Full covariance matrix of input data
This example demonstrates three ways to provide information about uncertainty of input data (here, of an imaginary time fermionic Green’s function \(G(\tau)\)),
As estimated error bars \(\sigma(\tau)\);
As a full covariance matrix \(\hat\Sigma_{\tau\tau'}\) ;
As a full covariance matrix \(\hat\Sigma_{\tau\tau'}\) with all eigenvalues shifted up by a constant \(l^2\), where \(l\) is so called filtering level.

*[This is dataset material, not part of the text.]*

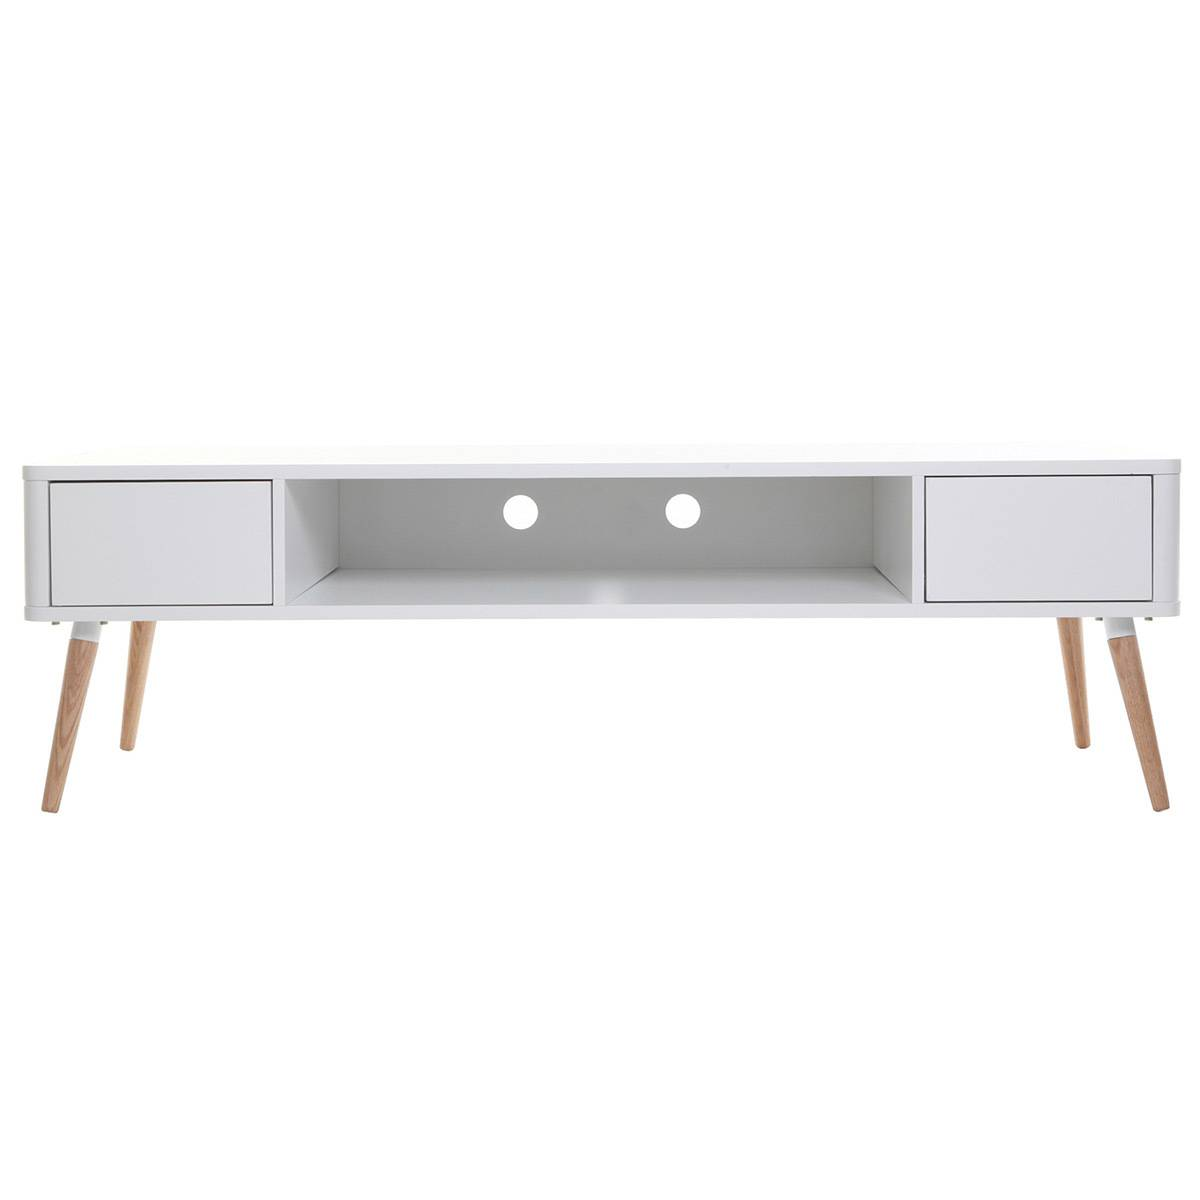 Miliboo Meuble TV design scandinave TOTEM

Perform analytic continuation
# Import HDFArchive, some TRIQS modules and NumPy
from h5 import HDFArchive
from triqs.gf import *
import triqs.utility.mpi as mpi
import numpy as np
# Import main SOM class and utility functions
from som import Som, fill_refreq, reconstruct
n_w = 801 # Number of energy slices for G(\omega)

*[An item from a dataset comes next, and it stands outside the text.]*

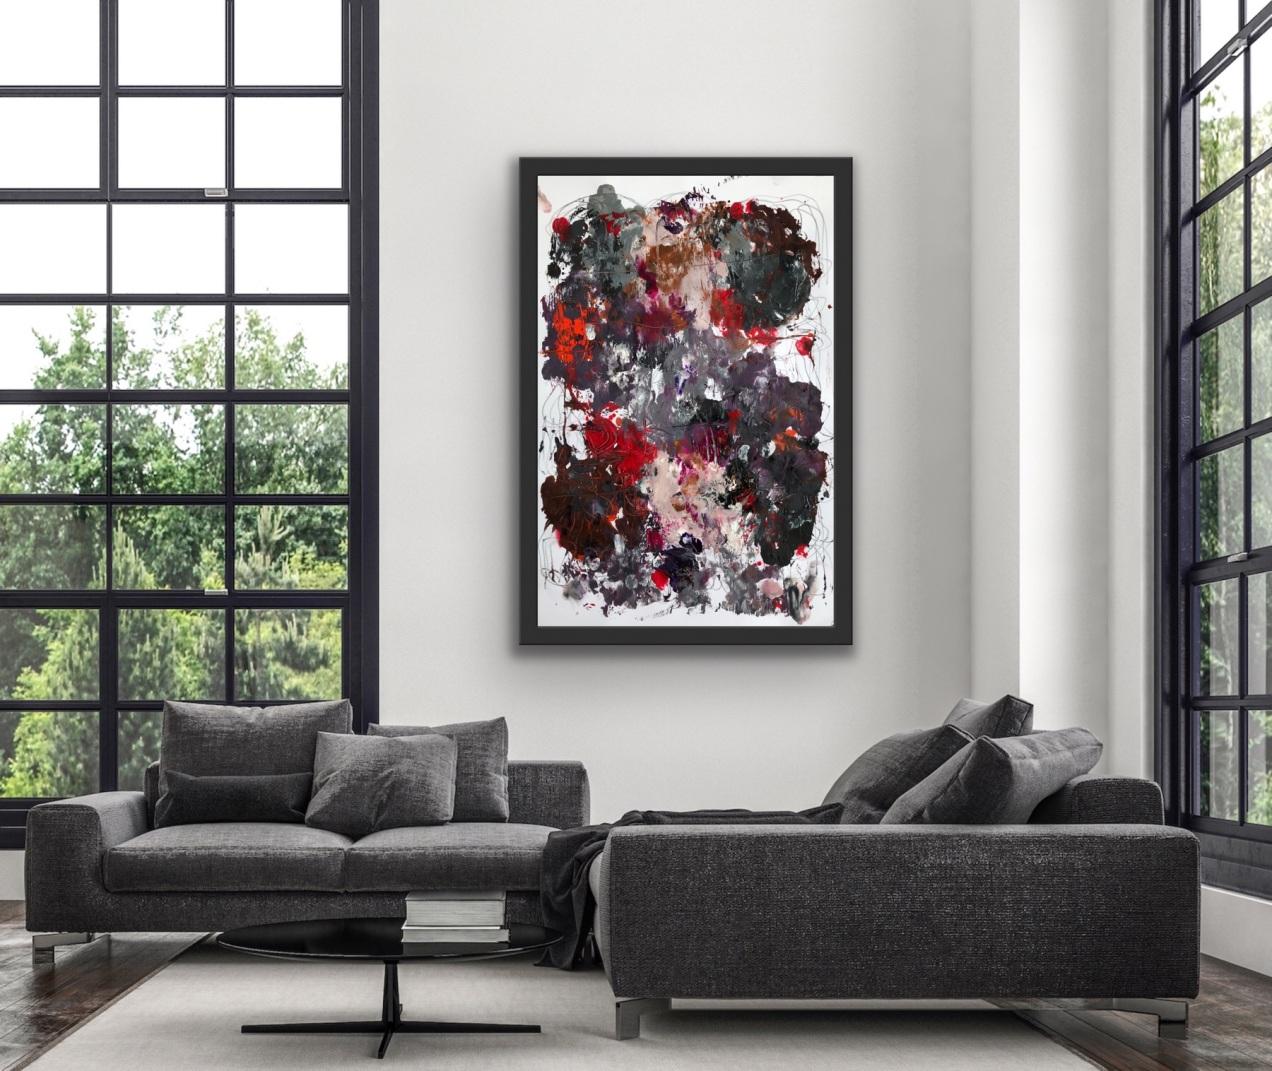 Digital print, abstract art, mixed media, paint,color, line, painting, abstract art, texture, tones, nuance, tints, light, shadow, line, pen, pencil

energy_window = (-4.0, 4.0) # Energy window to search solutions in
# Parameters for Som.accumulate()
acc_params = {'energy_window': energy_window}
acc_params['verbosity'] = 2 # Verbosity level
acc_params['l'] = 1000 # Number of particular solutions to accumulate
acc_params['f'] = 100 # Number of global updates
acc_params['t'] = 50 # Number of local updates per global update
# Read G(\tau) from an archive.
g_tau = HDFArchive('input.h5', 'r')['g_tau']
n_tau = len(g_tau.mesh)
# Estimated error bars on all slices of 'g_tau'
sigma = 0.01
#
# Construct a Som object using the estimated error bars.
#
error_bars = g_tau.copy()
error_bars.data[:] = sigma
cont_eb = Som(g_tau, error_bars, kind="FermionGf")
#
# Construct a Som object using a full covariance matrix.
#
# Create a GF container for the covariance matrix.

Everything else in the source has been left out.